Self-defense must be taught rationally and factually. While we may be at the wrong place at the wrong time and encounter terrorism or violent crime, much of the dangers we face can be avoided by staying aware and using common sense. We can turn down the music on our Ipods so we can hear the world around us. We can plan our route to avoid areas we know are more dangerous. We can feel warning signs when our gut instincts tell us we are no longer safe, and we can act accordingly. These principles can be taught in a short amount of time and can save many lives.
Sometimes, basic security measures could have prevented even the most terrible incidents. The 1972 Munich Olympics Massacre was one of the most horrifying events in sports history. For twenty hours, Israeli athletes were held hostage by terrorists who had infiltrated the Olympic village. Sadly, after a failed rescue attempt, all eleven were brutally murdered.
This attack succeeded not because the terrorists were exceptionally clever but because of the failure of the Munich Police to demonstrate situational awareness and common sense security tactics. To discuss all of the security failings of the 1972 Olympics will be a feature-length article of its own, but here are the major mistakes in brief and the principle behind them.
●Munich police were stripped of their authoritative uniform and dressed like retirees jogging around the park.
●Munich Police were not armed with weapons, including a personal protection side-arm weapon like a pistol. They could not use force to back up their authority.
●The fences around the Olympic village lacked basic security. Athletes routinely climbed the fence without consequences, and the police never stopped them. No IDs were required. The terrorists themselves were able to easily able to get in. Drunk athletes helped in half, and the other half could walk through an unguarded gate and climb over using a stool left behind by the guards.

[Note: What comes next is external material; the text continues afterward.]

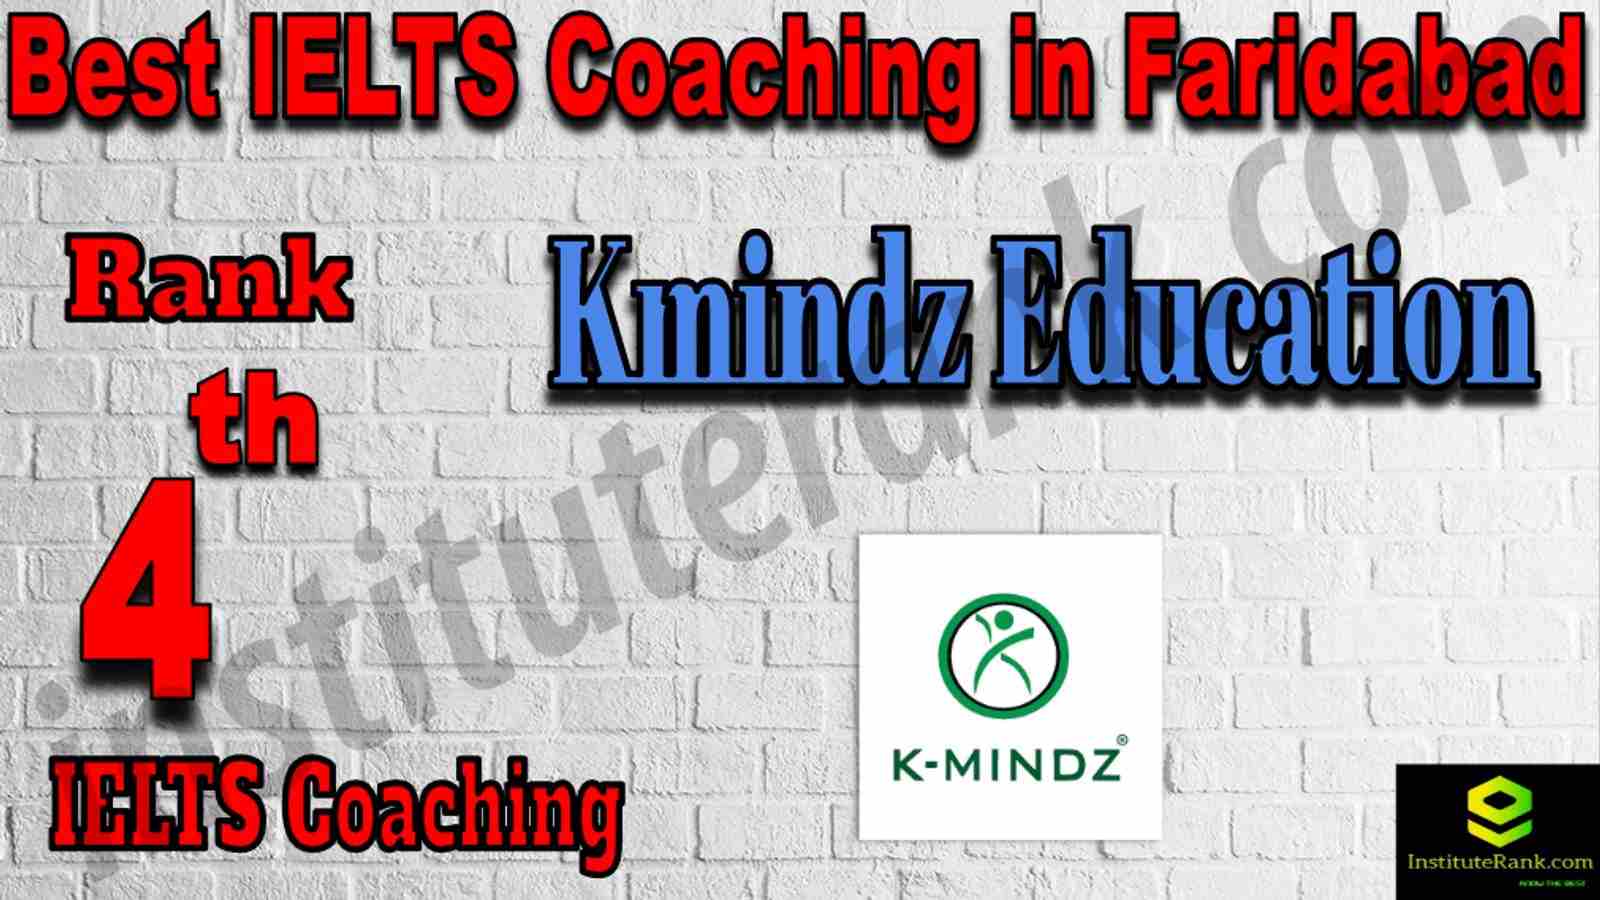 4th Best IELTS Coaching in Faridabad
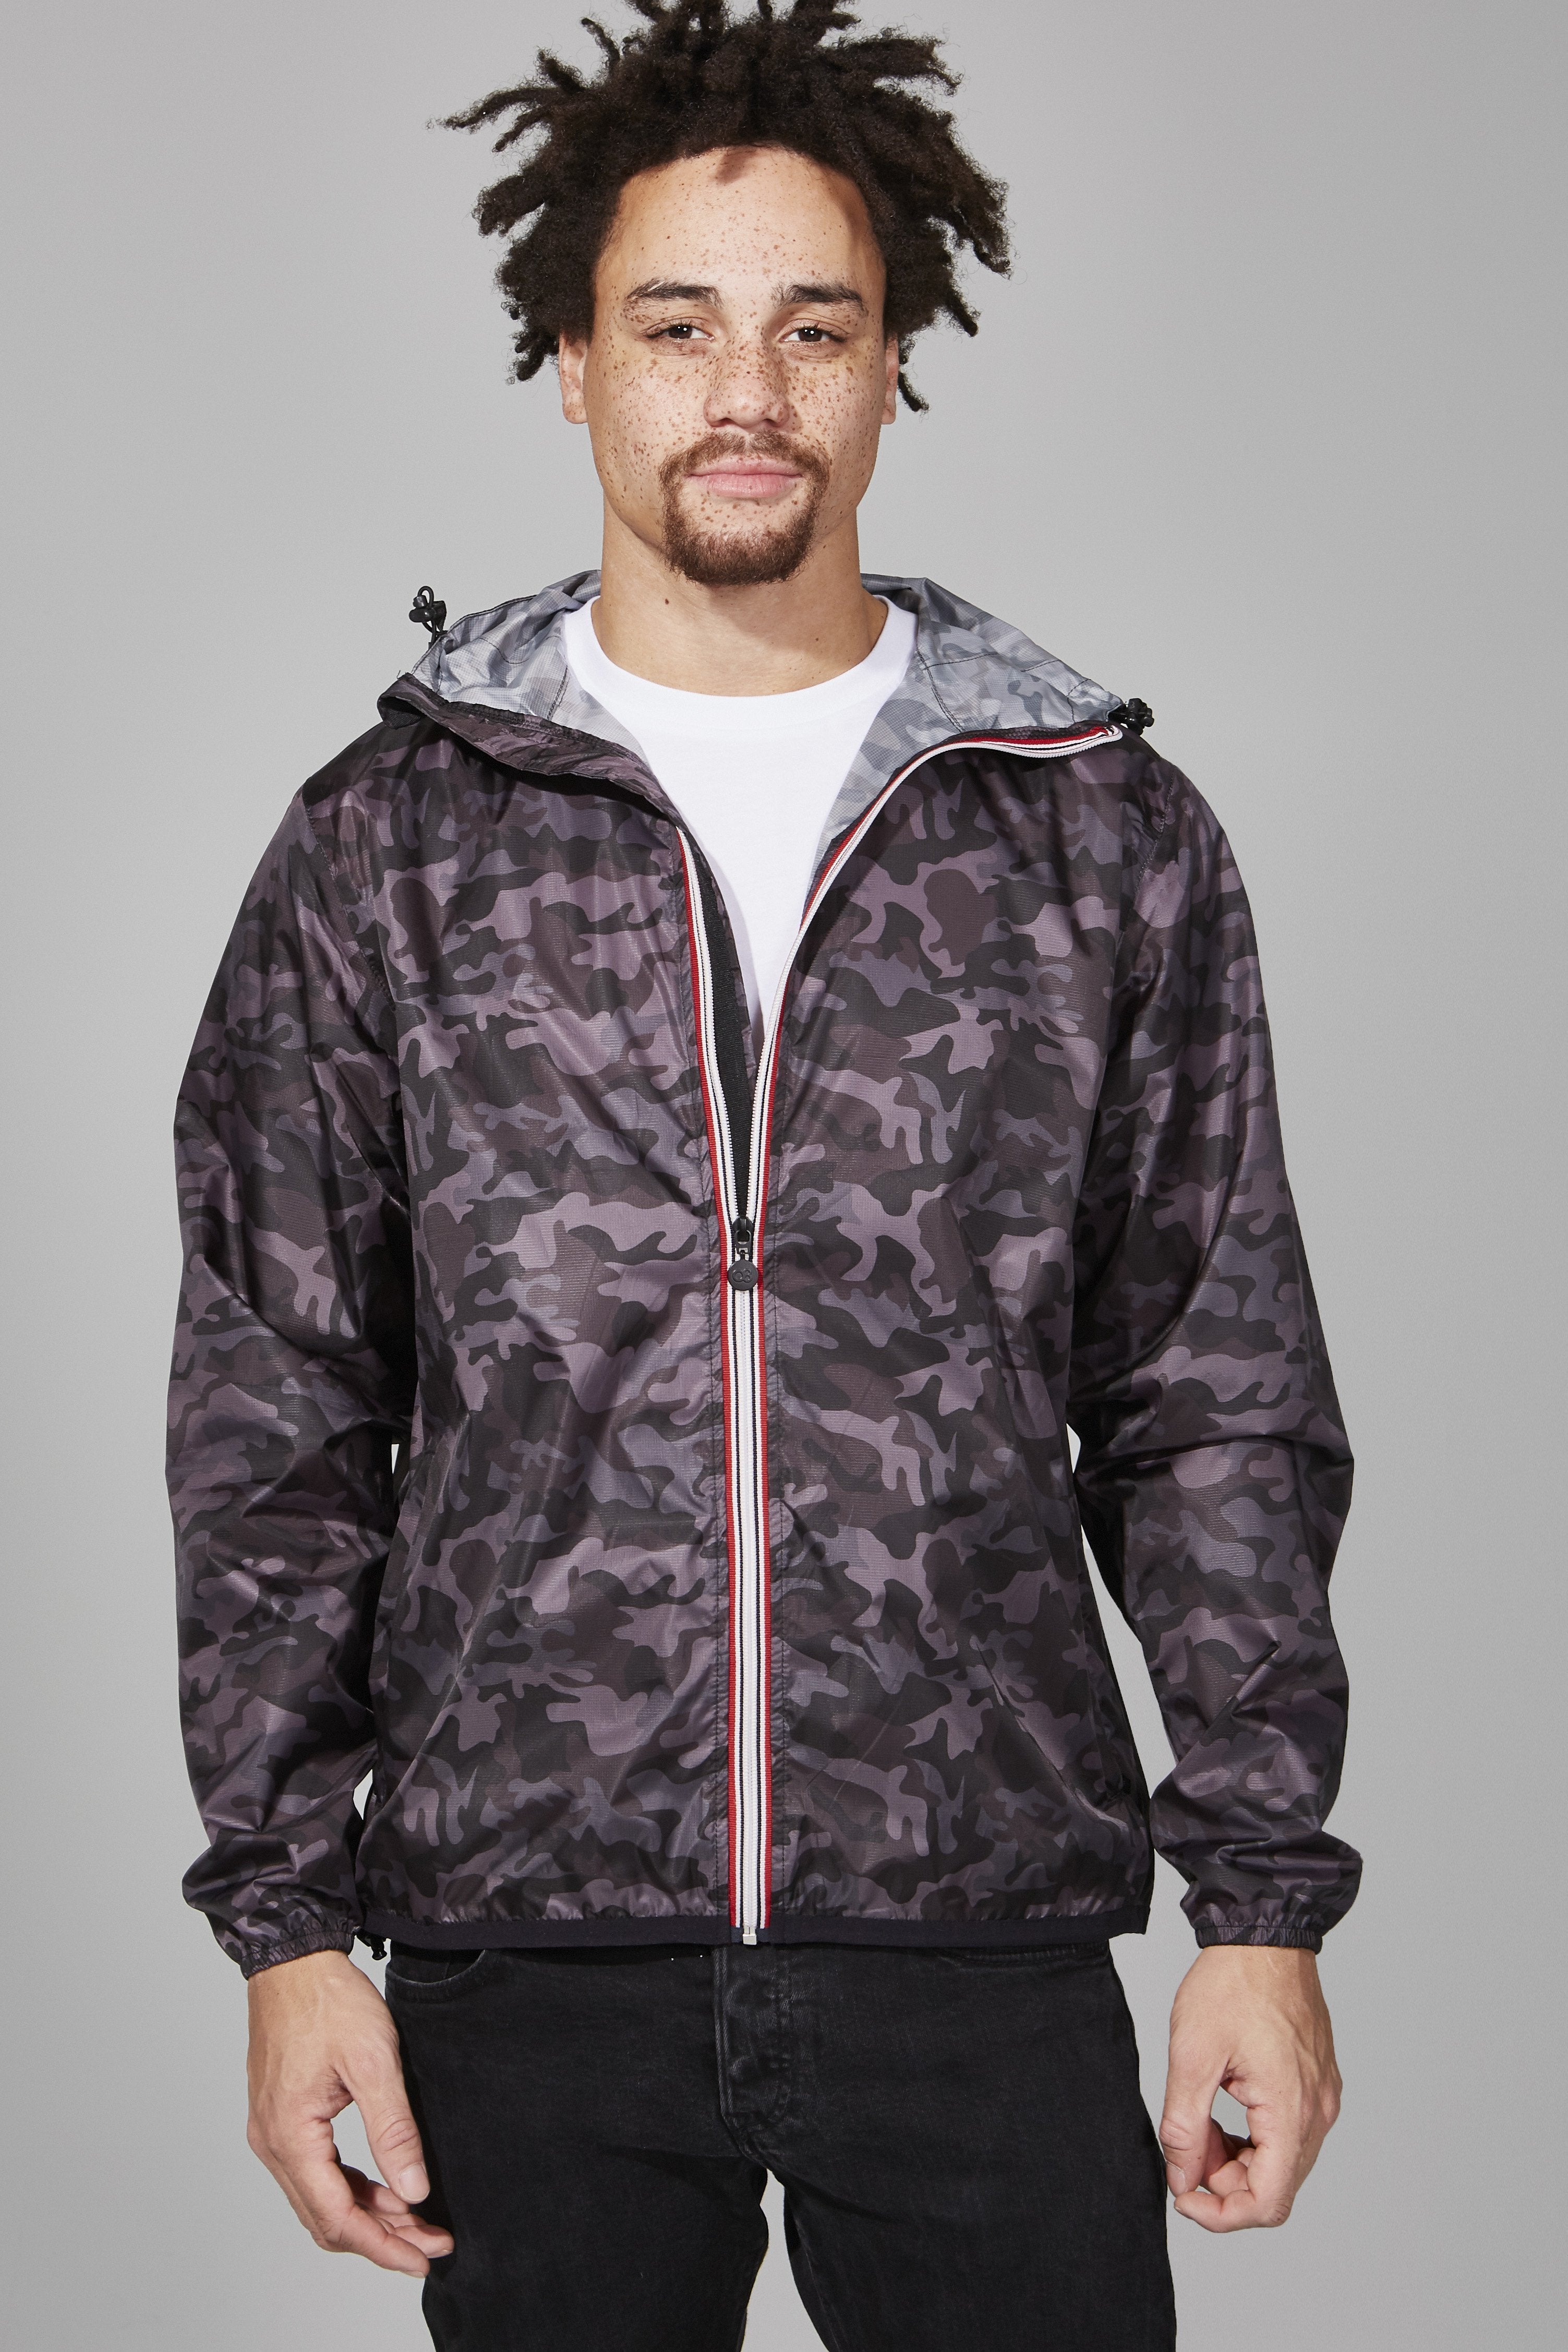 Max Print - Black Camo Full Zip Packable Rain Jacket - O8lifestyle.

The terrorists had cased the area and knew they had a soft target. There was no deterrence blocking them; therefore, they didn’t hesitate to strike.
Had the terrorists know that the gates were manned by uniformed armed guards who would have arrested them, backing up their authority with force?
Imagine if any attempt to climb the walls would have sounded the alarm and locked down the buildings. Eleven lives would have been saved. All of those principles are ones I could cover in a two-hour seminar with time to spare.
We may not be able to teach our students how to survive every single violent crime. But we can teach them how to walk with confidence and not look like easy victims.
We can teach them how to be aware of the world around them. We can teach them how to maintain boundaries and how to spot danger. We can teach them how to deter many predators in our society who are seeking soft targets and easy victims.
This will save them from many of the most common forms of violence. It may save them from some more uncommon and terrifying ones.